• **SUPPLIED DATA**

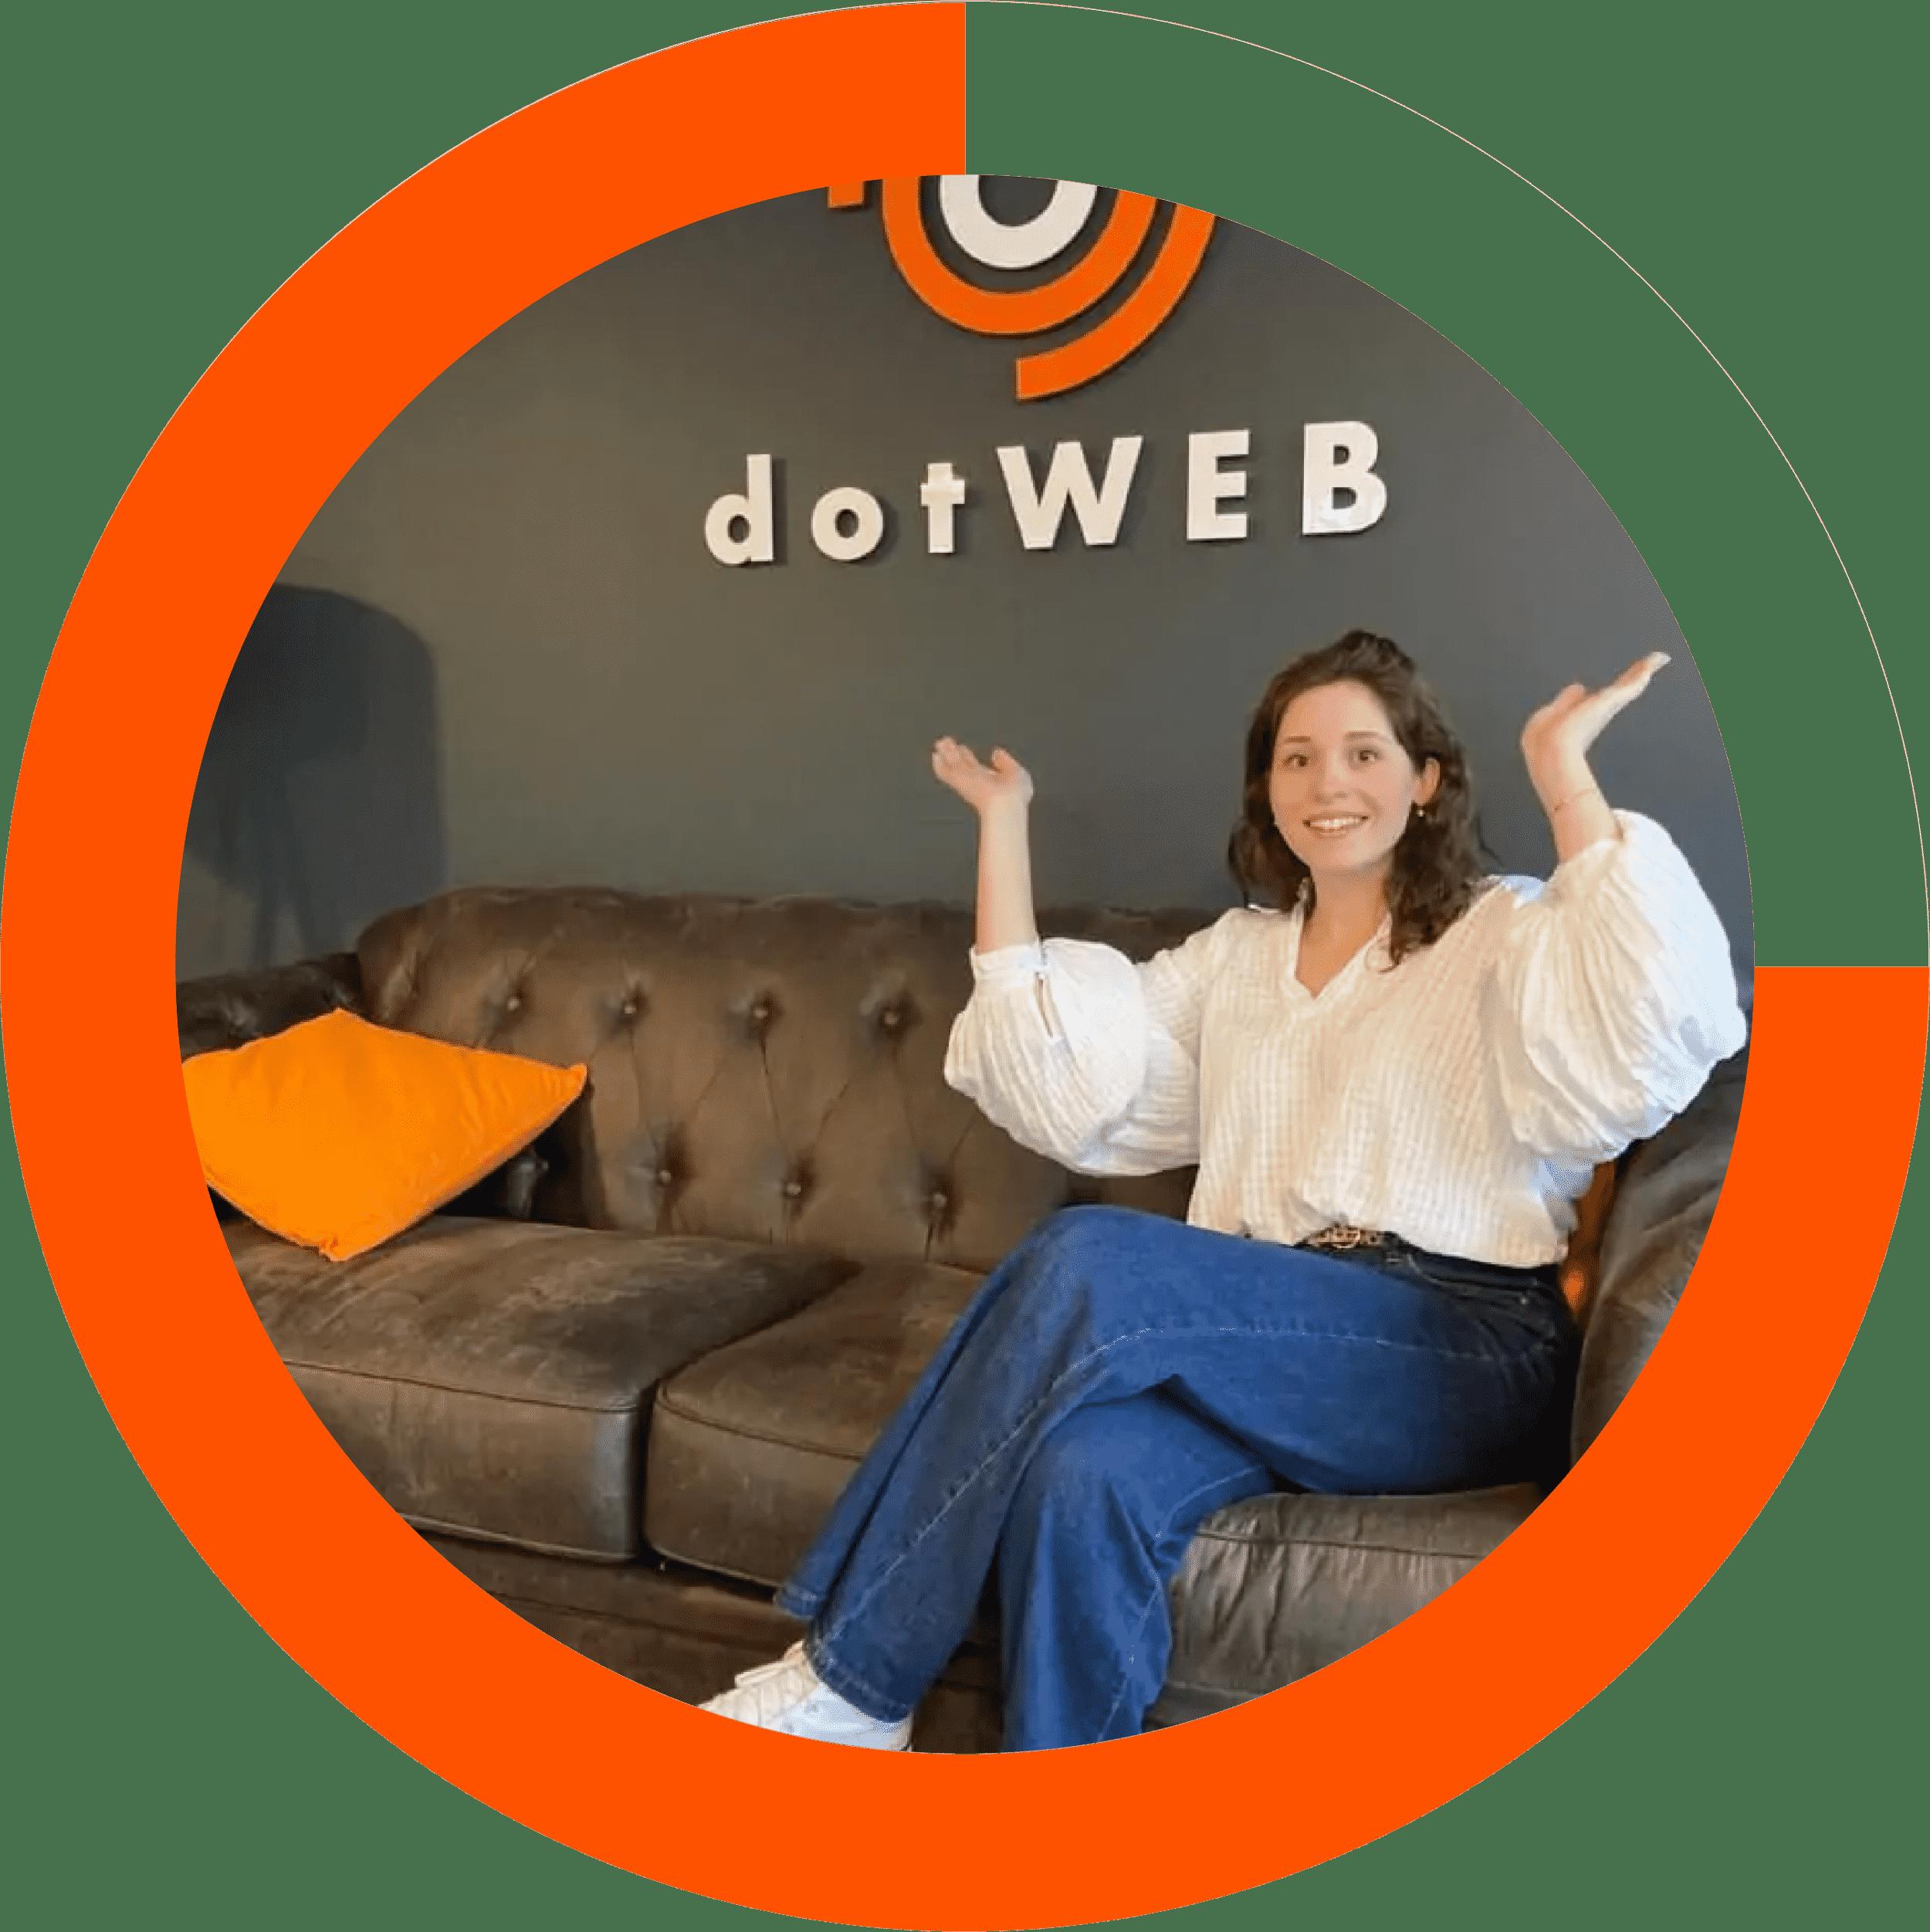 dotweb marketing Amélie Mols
--
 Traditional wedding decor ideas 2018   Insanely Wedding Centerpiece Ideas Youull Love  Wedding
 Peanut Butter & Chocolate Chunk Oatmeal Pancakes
* * *
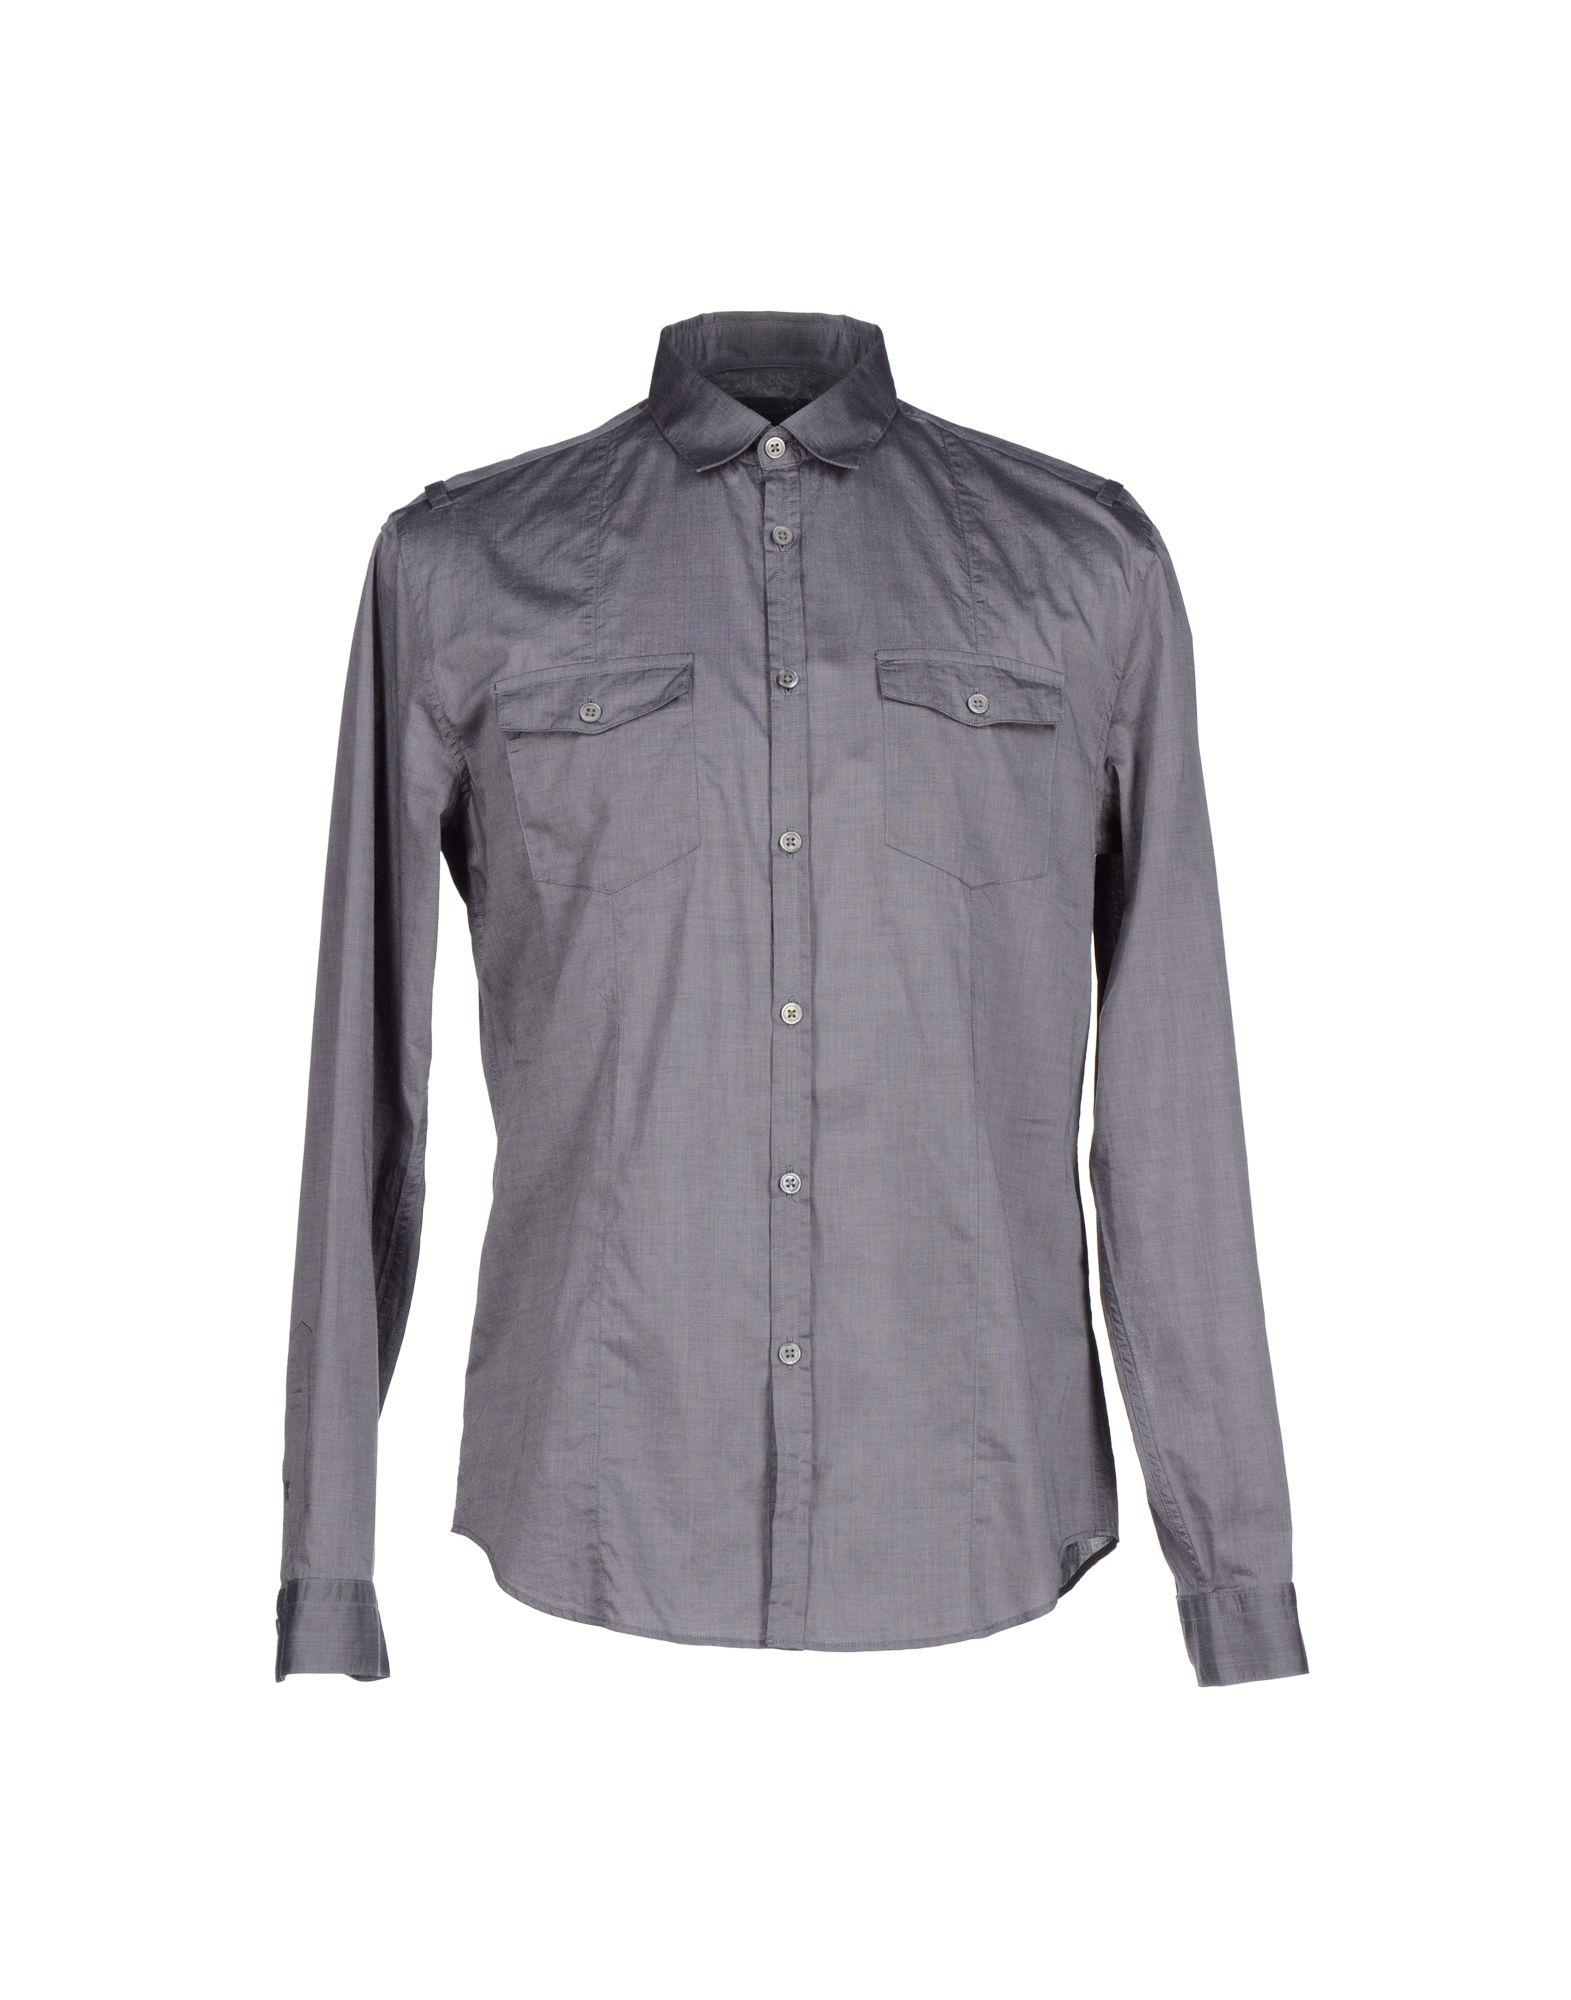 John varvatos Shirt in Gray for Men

• **ASSIGNMENT**
Reproduce only the lines above, starting at the line with "Traditional wedding decor" and ending at the line with "Peanut Butter &", exactly as written.

• **OUTPUT**
 Traditional wedding decor ideas 2018   Insanely Wedding Centerpiece Ideas Youull Love  Wedding
 Peanut Butter & Chocolate Chunk Oatmeal Pancakes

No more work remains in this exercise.